**What you need to do:** Give back an exact repetition of the material below, from its first line through the line that contains "Stacks of bound", both included, minus the pictures.

**Data block:**
>>

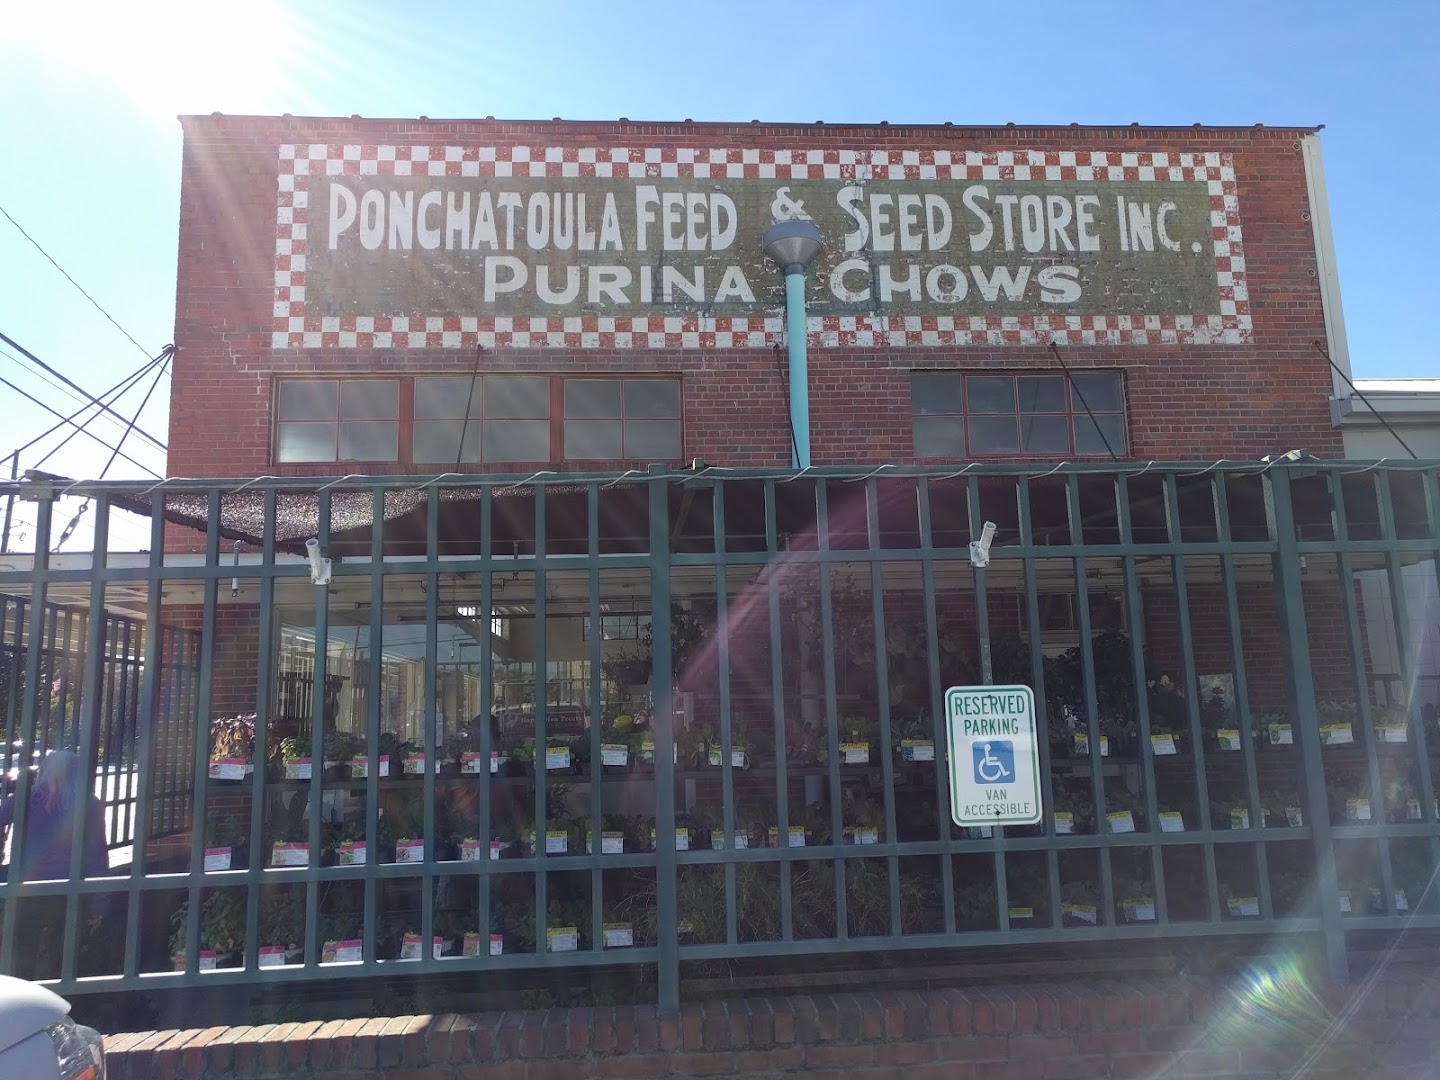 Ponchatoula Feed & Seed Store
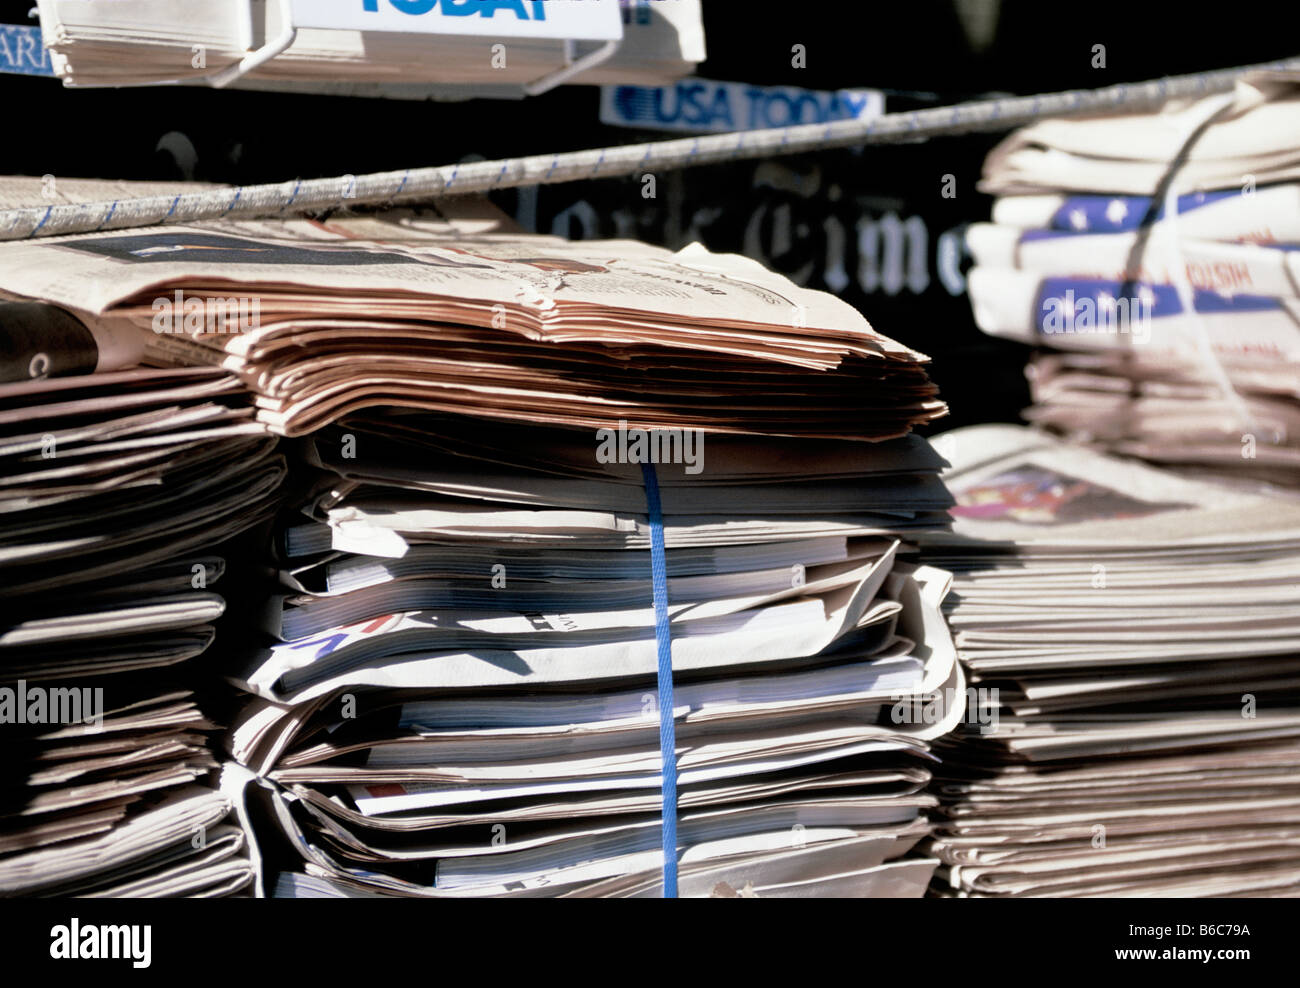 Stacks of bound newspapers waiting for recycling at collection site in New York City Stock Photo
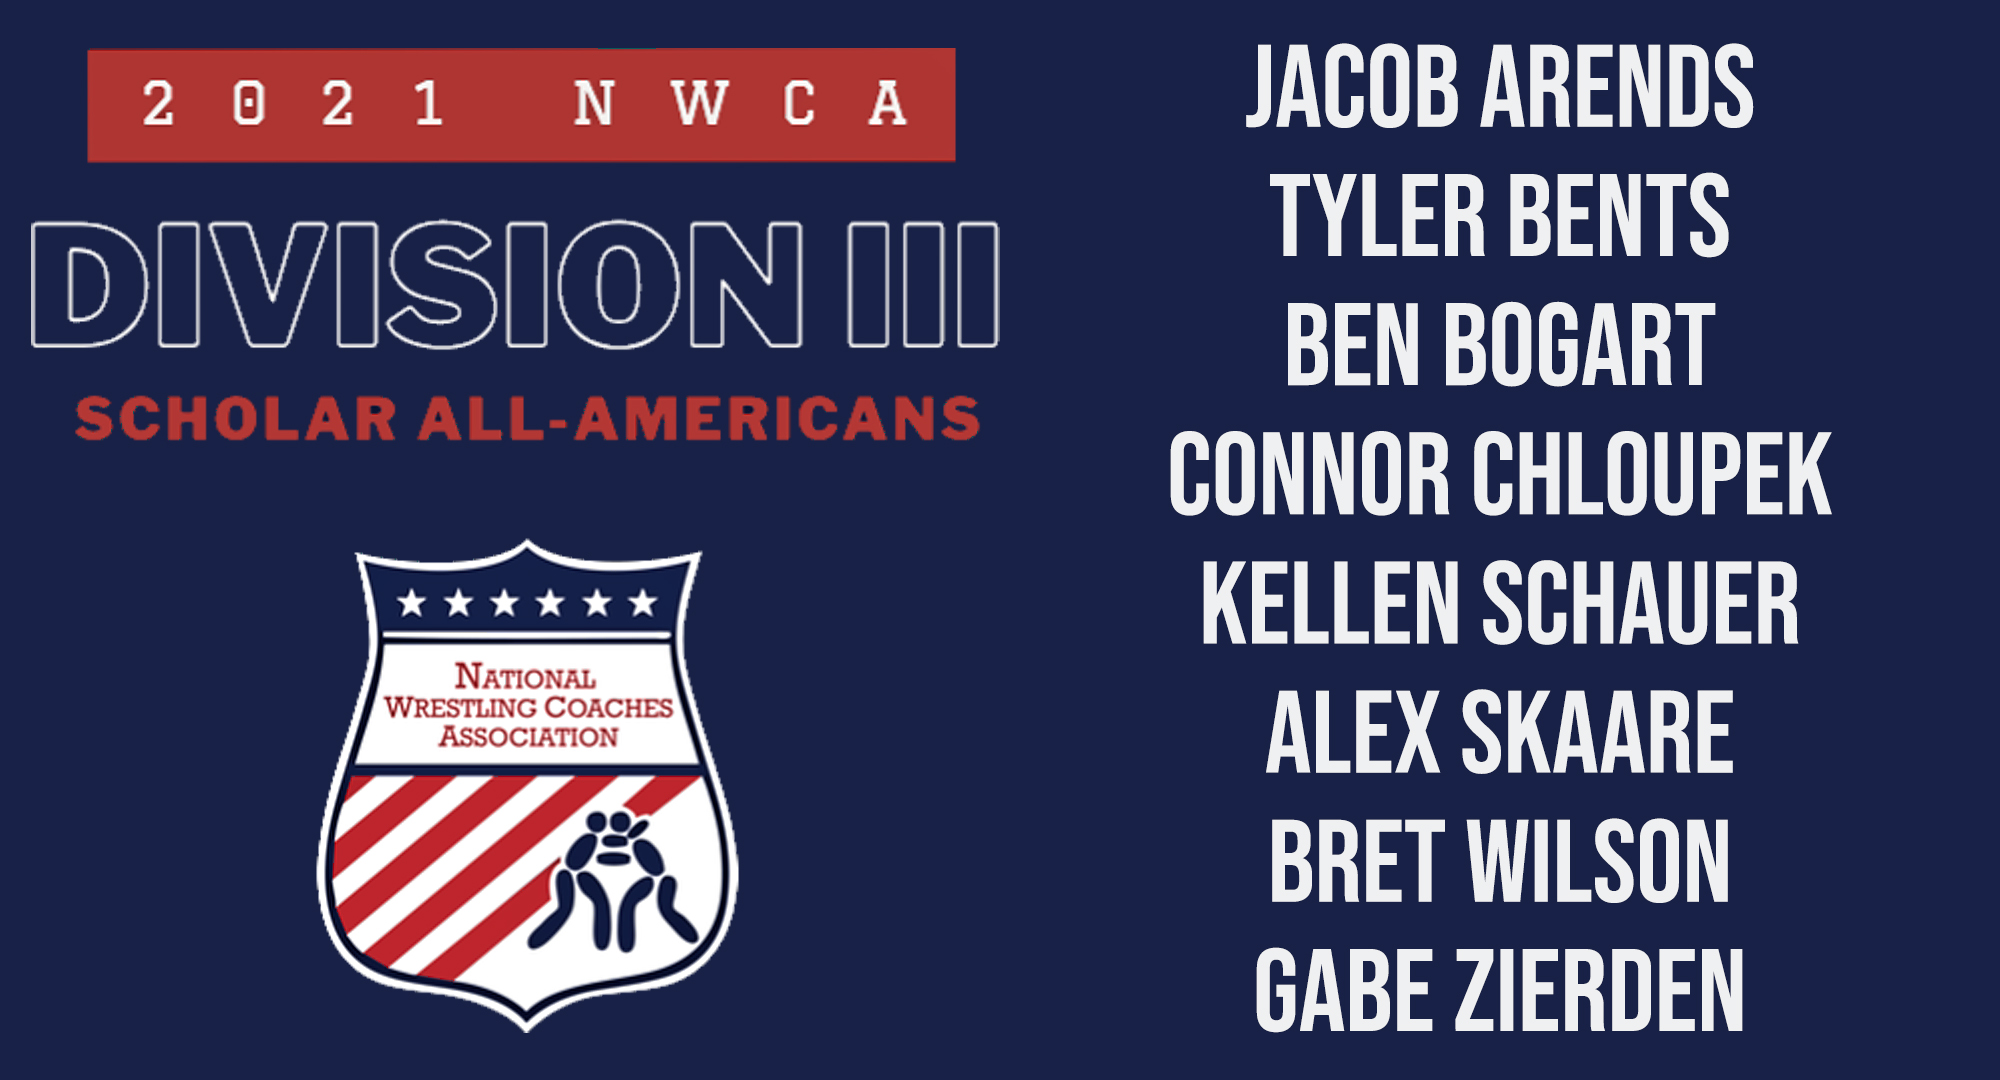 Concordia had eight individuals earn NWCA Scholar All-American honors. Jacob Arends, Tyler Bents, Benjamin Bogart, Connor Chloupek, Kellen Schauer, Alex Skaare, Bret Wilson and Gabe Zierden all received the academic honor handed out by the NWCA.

<<

**Task response:**
 Ponchatoula Feed & Seed Store
 Stacks of bound newspapers waiting for recycling at collection site in New York City Stock Photo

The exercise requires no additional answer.